# Neofinetia falcata Manjyushage



## Erythrone (Sep 27, 2014)

Bought in 2013. First blooming. I am impressed by the number of flowers on a single fan!




Neofinetia falcata Manjyushage web by Erythrone, on Flickr


----------



## SlipperFan (Sep 27, 2014)

Ohhhh, very sweet!


----------



## eaborne (Sep 27, 2014)

Nice one!


----------



## abax (Sep 27, 2014)

Aaaah, sweet ballet dancers stepping on each other's toes. Lovely.


----------



## Ozpaph (Sep 28, 2014)

very pretty


----------



## MattWoelfsen (Sep 28, 2014)

As others have said, you have a lovely Manjushage 曼珠沙華 ! How does the rest of the plant appear? Are you growing it the traditional way? Thank you for posting.


----------



## Stella (Sep 28, 2014)

This is awesome!!!!!! :drool:


----------



## Erythrone (Sep 28, 2014)

MattWoelfsen said:


> As others have said, you have a lovely Manjushage 曼珠沙華 ! How does the rest of the plant appear? Are you growing it the traditional way? Thank you for posting.




Matt, it is a single fan. Not very showy by now. It is on grow in sphagnum moss, plastic net pot. I try to repot almost all my Neofs the "tradtionnal" way, but I must admit the results are far from perfect. I am unable to shape a perfect "ball". But it does not really matter to me since the plants are growing well anyway.

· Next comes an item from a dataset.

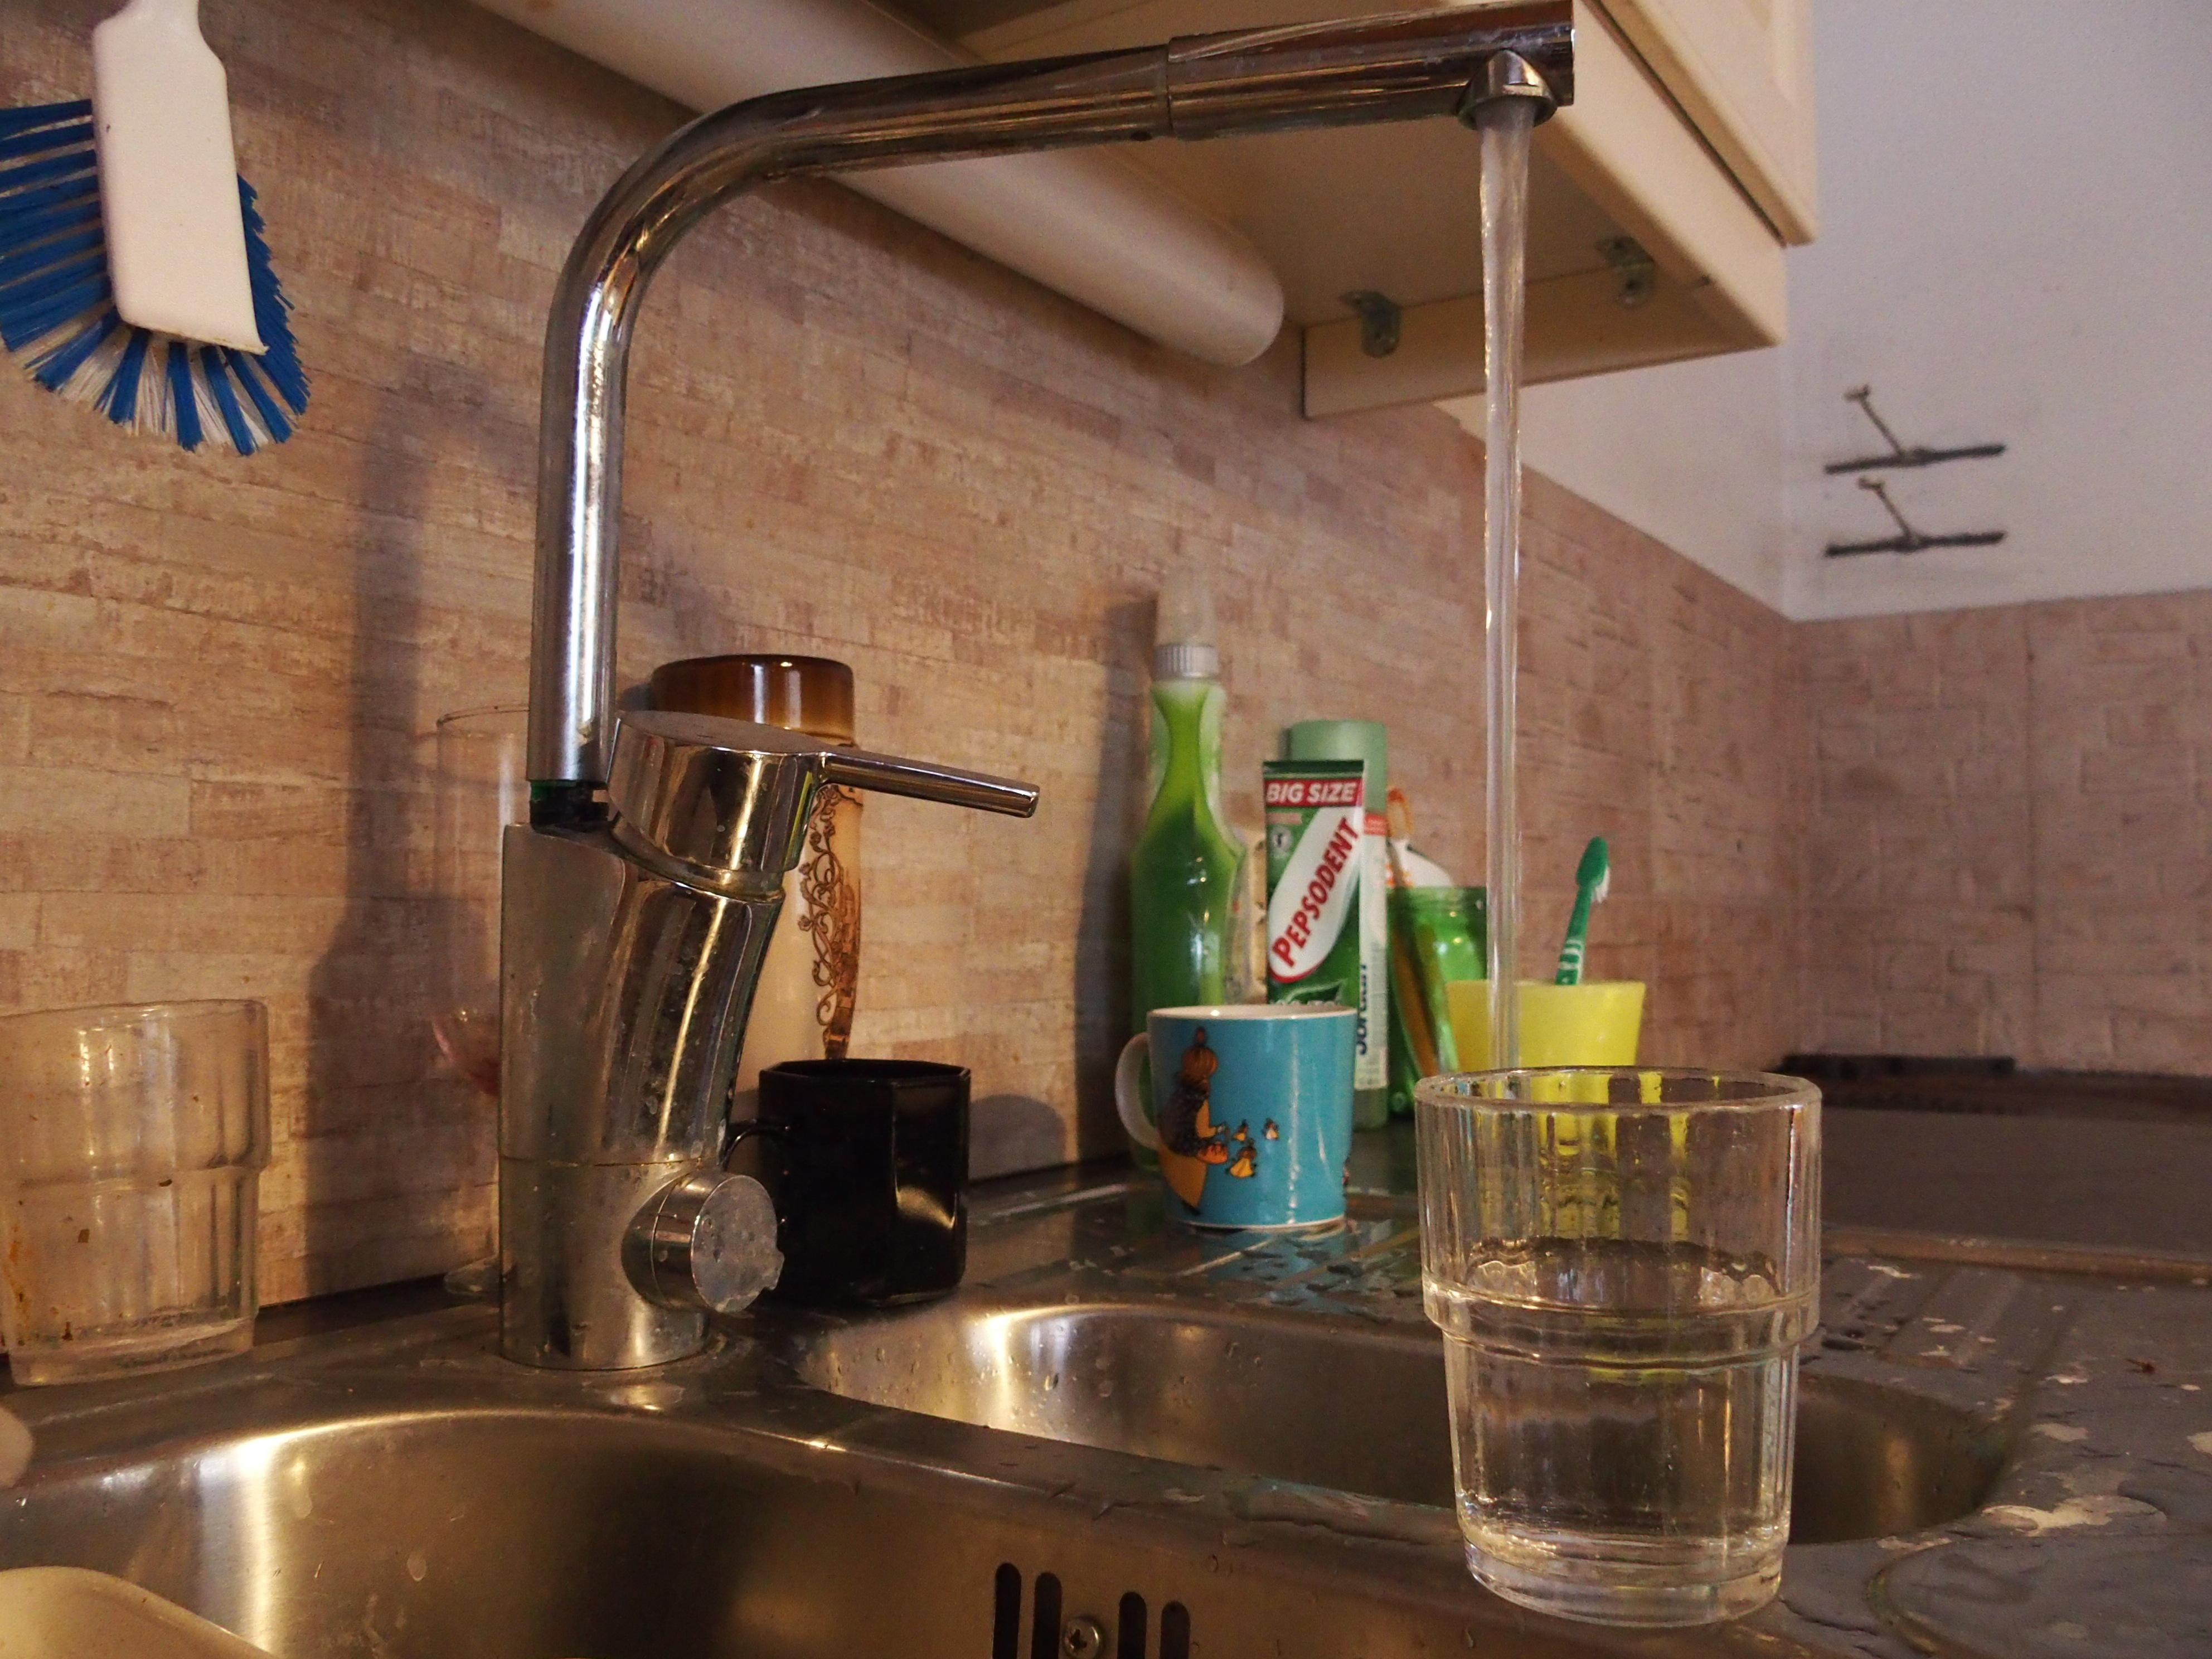 Pinta- ja pohjaveden laatu on hyvä Keski-Suomessa. Tällöin myös juomaveden laatu on hyvä.

All my Neofs are grown under lights from september to May. Some were grown outdoor last summer. Amongs them was this plant. Our summer are cool here so I can give them a lots of sun. I fertilize with every watering (near 10 ppm N)


----------



## Lmpgs (Sep 28, 2014)

Cute little thing!!


----------



## MattWoelfsen (Sep 28, 2014)

Thank you for your additional information Erythrone.


----------



## KyushuCalanthe (Sep 30, 2014)

Nice picture. One of my favorites.


----------



## Lanmark (Oct 2, 2014)

Nice! I rather like this variety.


----------



## Erythrone (Oct 3, 2014)

Lanmark, Manjyushage is the variety on your avatar, isn't it?


----------



## eggshells (Oct 3, 2014)

Wow I like that.


----------



## cnycharles (Oct 12, 2014)

Nice. Is that two or three spurs?


----------



## Erythrone (Oct 12, 2014)

Three


----------



## Migrant13 (Oct 12, 2014)

That one is excellent.


----------



## couscous74 (Oct 16, 2014)

Very nice. And Abax's metaphor is very appropriate.


----------



## gnathaniel (Oct 16, 2014)

Beautiful variant of the species!


----------



## Tom-DE (Oct 21, 2014)

One of my favorite Neof as well. Good flower count for such a young plant. I don't think mine had nearly that many flowers when it bloomed the first time.


----------



## Lanmark (Oct 21, 2014)

Erythrone said:


> Lanmark, Manjyushage is the variety on your avatar, isn't it?



Yes, it is.


----------



## myxodex (Nov 8, 2014)

Beautiful. Also one my favourites. Is it a seedling ? I have a seedling that doesn't hold it's flowers as well as yours does ... they tend to droop over a lot.


----------



## Erythrone (Nov 8, 2014)

I bought it in 2013 and I think it was a division.


----------



## Marco (Apr 28, 2015)

I'm in love.


----------



## Wendy (Apr 30, 2015)

Wow....just wow! Amazing


----------